Will You Try This 1100-Year-Old Hot Chocolate Recipe?

This hot chocolate recipe can be traced back almost 5000 years ago when ancient American civilizations of Olmecs, Mayans, and Aztecs started domesticating the Theobroma (cocoa) tree. 

To be exact, present-day Ecuador, Peru, Brazil, and Colombia are exactly where they first started growing cocoa trees. 

Not only did they start cultivating these trees but also made cocoa an important part of their daily lives, and religious ceremonies and even used it for trading. 

Cocoa was considered to be the ‘gift of gods’ and the fruit was even offered to the Mayan god of trade and merchants- Ek Chuah as part of their religious traditions. Whereas, the Aztecs believed cocoa was brought from paradise to Earth by their god- Quetzalcoatl. 

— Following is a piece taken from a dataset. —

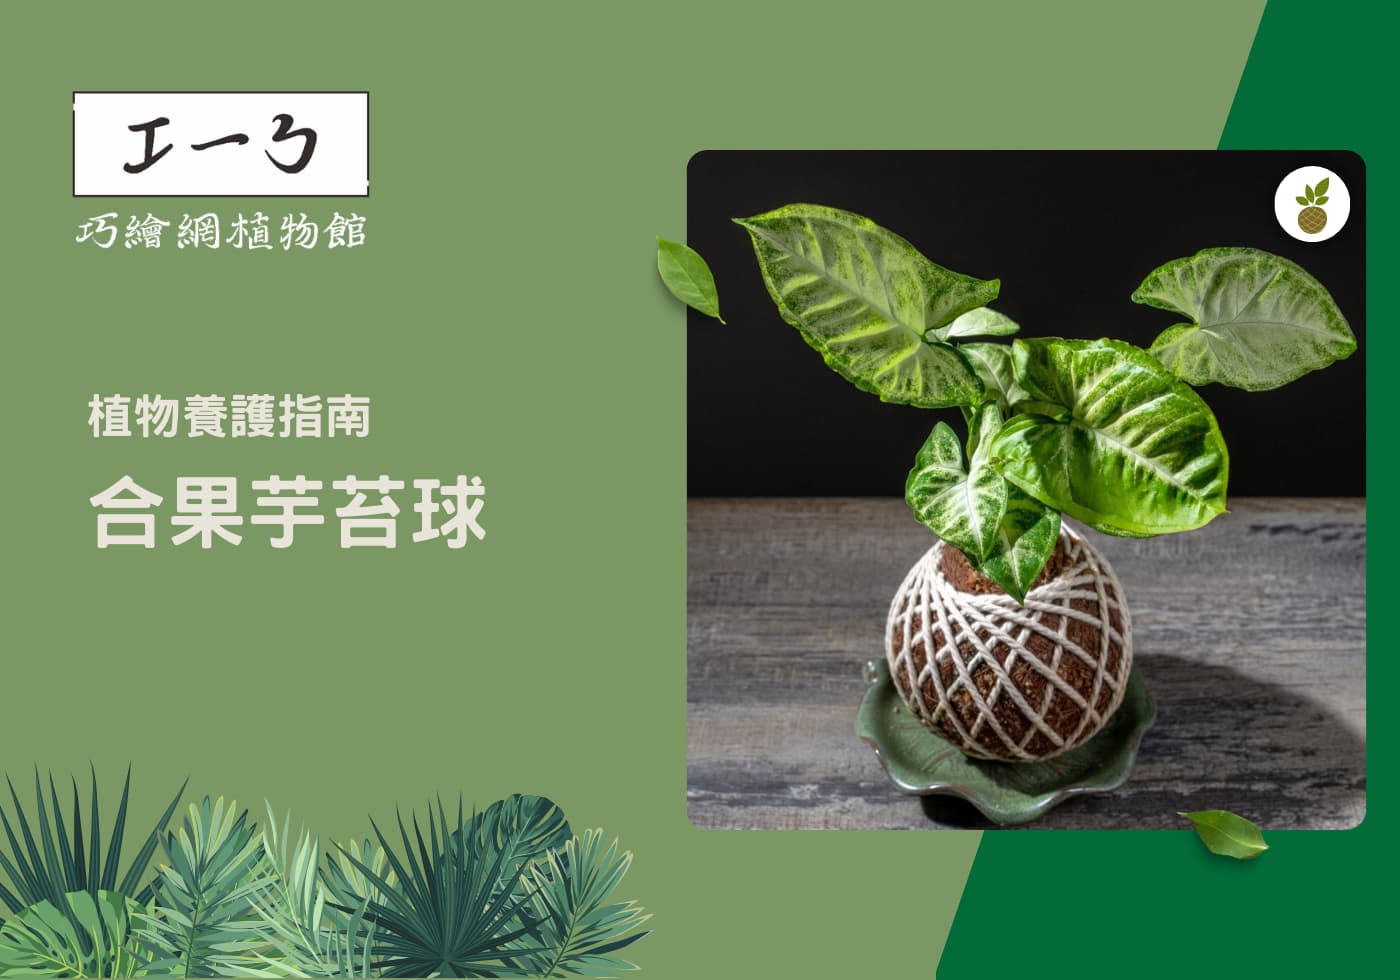 您目前正在查看 如何養出健康茂盛的綠色植物-合果芋栽培指南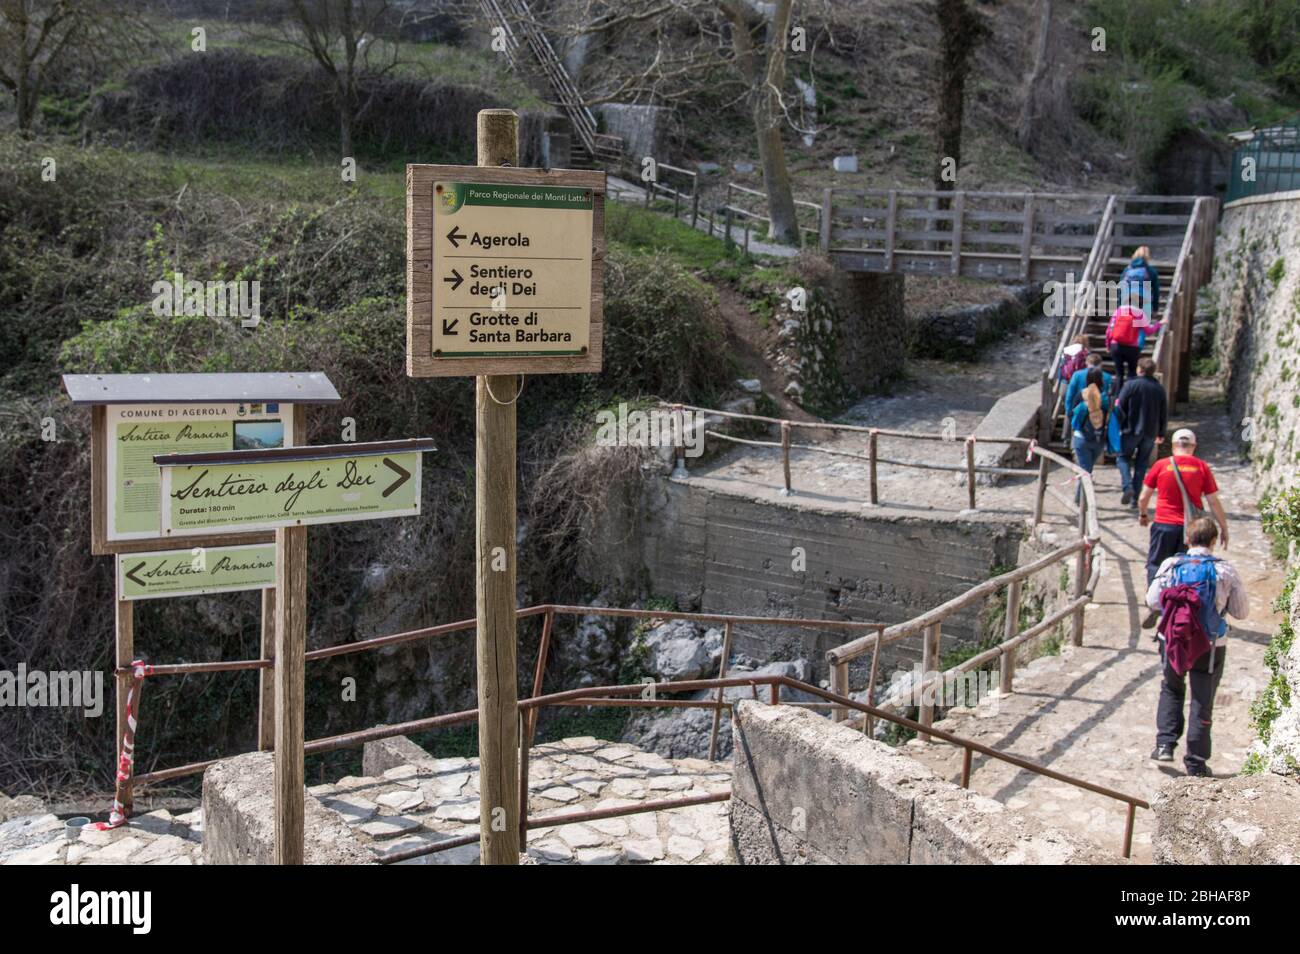 La via degli dei: Sentiero degli dei. Incredibile sentiero escursionistico, alto sulla Costiera Amalfitana o Amalfi in Italia, da Agerola a Positano. Marzo 2019. Diversi escursionisti all'inizio del tour Foto Stock

What Is Mayan Hot Chocolate? 

Not surprisingly the first ones to start cooking with cocoa beans were also these Mesoamerican civilizations. 

They were the inventors of the world’s first chocolate beverage that was made using ground cocoa seed paste which was mixed with water, cornmeal, and chile peppers. To make it frothy, the drink was poured back and forth from a cup to a pot till a thick foam appeared. 

Yes, this doesn’t sound like the modern-day extra sweet and creamy hot chocolate laden with marshmallows but it is still worth giving a try yeah? 

How To Make Mayan Hot Chocolate At Home?

As an ode to the people who bestowed us with the gift of chocolate, here’s a super easy recipe from Pascati to make this traditional chocolate beverage/hot chocolate at home: 

Ingredients you’ll need 

  • 2 tablespoons cacao nibs or high-quality cocoa powder
  • 2 cups water
  • 1/4 teaspoon ground cinnamon
  • 1/8 teaspoon ground nutmeg
  • Pinch of chili powder or cayenne pepper (optional)
  • Honey or agave syrup to taste (optional)
  • Instructions 

  • Roast the cacao nibs in the oven at 350°F (175°C) for 5-7 minutes until fragrant. Then grind them into a powder using a grinder.
  • In a saucepan, heat 2 cups of water until simmering, and then gradually whisk in the ground cacao nibs or cocoa powder, along with cinnamon and nutmeg.
  • Sprinkle in a pinch of chili powder or cayenne pepper.
  • Add honey or agave syrup to taste for sweetness.
  • Let it simmer for another 2-3 minutes and serve. 

    That’s it, folks! 

    Do give it a try and see you soon for another history lesson on chocolate.